По тем же сверхчеловеческим законам происходят битвы, как та, в результате которой погибла Троя. В его теле, раскаленном от жара, словно в полуденный зной, несутся боевые колесницы, ступают шеренги воинов, сходятся в рукопашной, пронзают друг друга копьями, охватывают фланги, посылают в прорыв кавалерию. Там блестят щиты, ударяют в доспех наконечники.

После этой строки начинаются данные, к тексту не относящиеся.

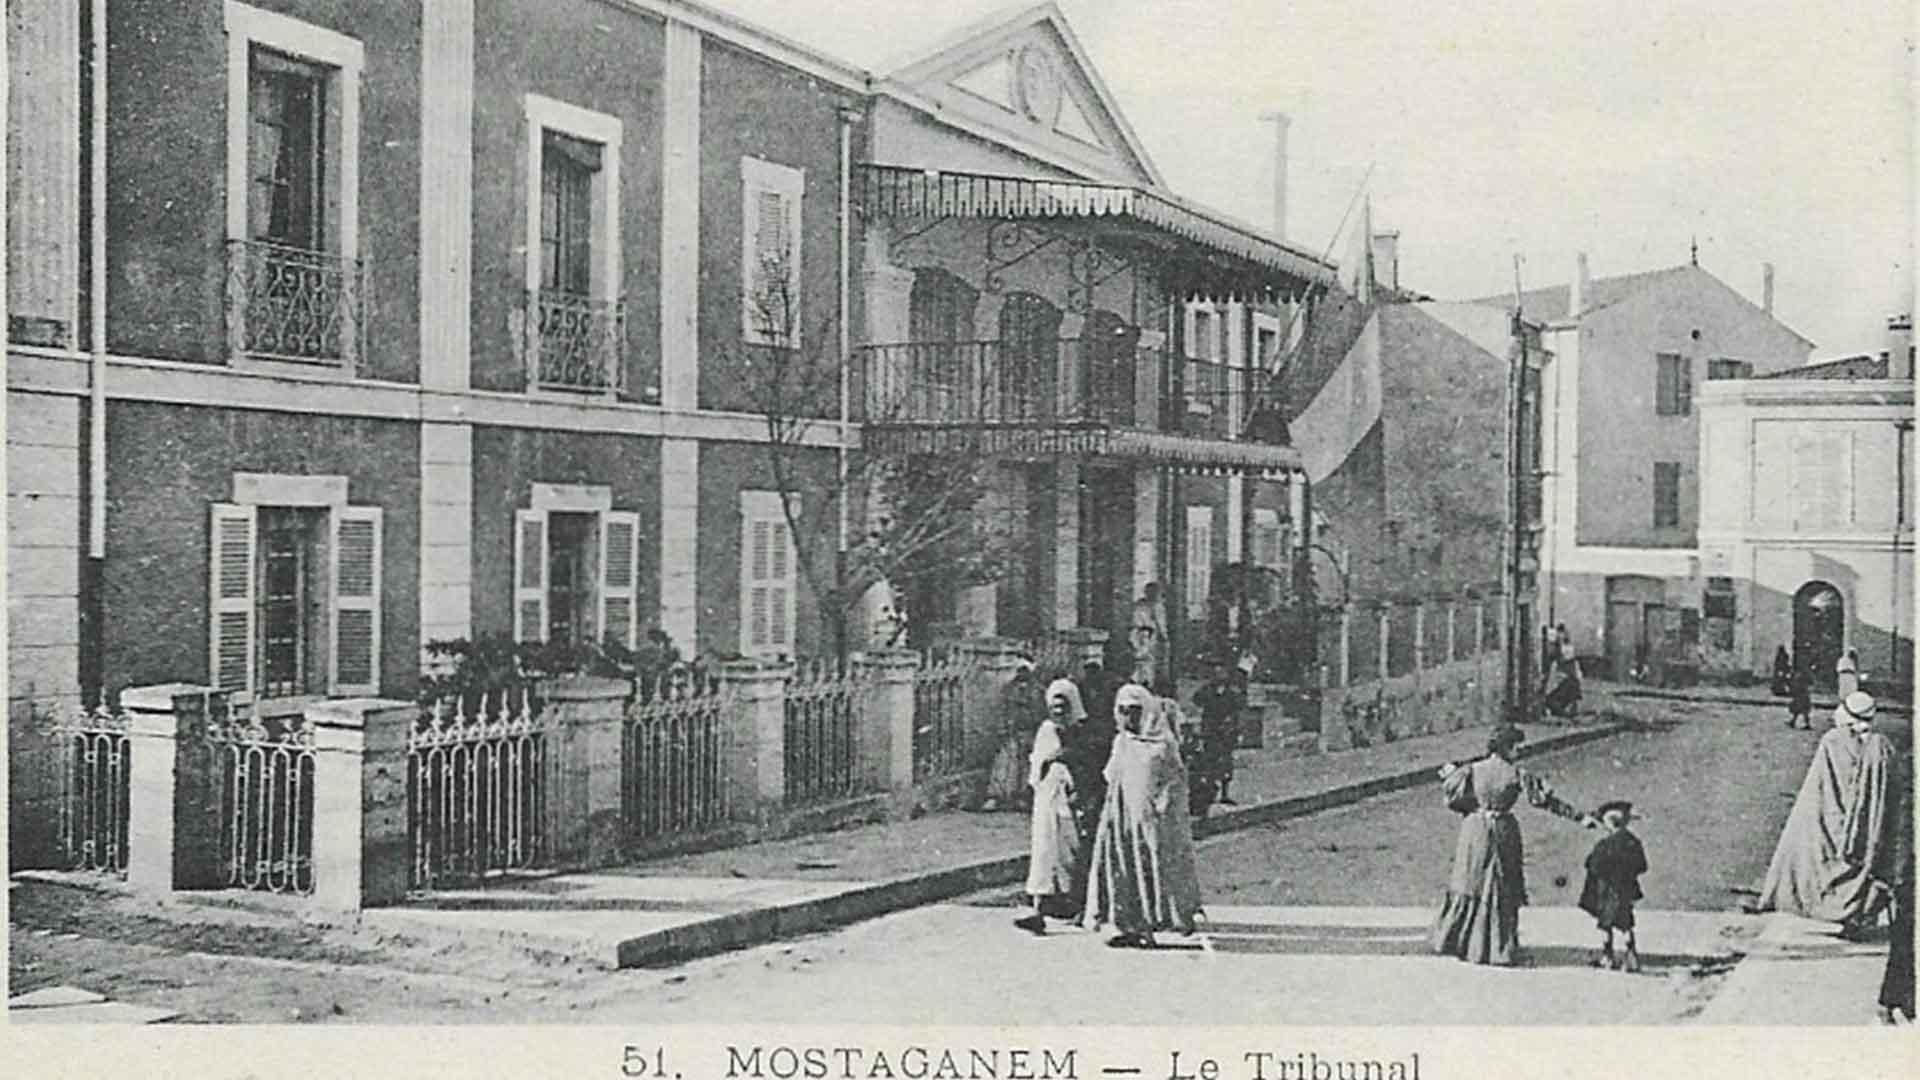 Mostaganem-Tribunal

Гектор схватился с Ахиллом, его мертвое тело, привязанное к колеснице героя, колотится по пыльной равнине. И горит и рушится город, и пожар стекленеет, перевертывается в голубом заливе, по которому пышно, под парусами, плывет корабль.

Он подумал, погружаясь в сладостную дремоту, что бытие, возникшее из совершенного Бога, в своей недостаточности и ущербности есть болезнь Бога. И исцеление возможно лишь при обратном поглощении бытия Богом.

День медленно угасал, окно становилось розовым, голубым, меркло. В кабинет шумно вбегали дети, но их тут же уводила встревоженная жена. Ему была сладостна приближавшаяся беспомощность. Вспоминались детские переживания, когда болезнь вызывала повышенную нежность, бесконечную заботливость бабушки, и он наслаждался своей немощью, окруженный бабушкиными хлопотами, тревогами, воздыханиями.

Нашел в себе силы встать. Зажег в изголовье высокий торшер. Снял с книжной полки Бунина. Снова улегся и открыл наугад. Стал читать небольшой, страшный по изобразительности и достоверности рассказ о ночной крещенской метели, когда воют и носятся в степи свирепые вихри, скрипит под полозьями окаменелый снег и, заметенный сугробом, умирает нищий странник. Достоверность описания была такова, что вытеснила явь. Вечерний кабинет с мягко горящим торшером сменился синей морозной степью, жгучей поземкой, в которой брел, опираясь на палку, старик в латаном зипуне.

Вошла жена, принесла градусник. Он засунул под мышку хрупкое стеклянное изделие с маленькой красной цифрой на столбике, словно в него была запаяна капелька крови.

- Горишь, - сказала Валентина, кладя ему руку на лоб. Он чувствовал ее прохладную руку, слышал, как шумит за окнами вечерний город, как громко в коридоре играют дети. Вытащил градусник, протянул жене. Та испуганно ахнула:

- Сорок!…

- Поставь мне, пожалуйста, чай с лимоном, - попросил он. - И накрой торшер красной косынкой. Так делала бабушка.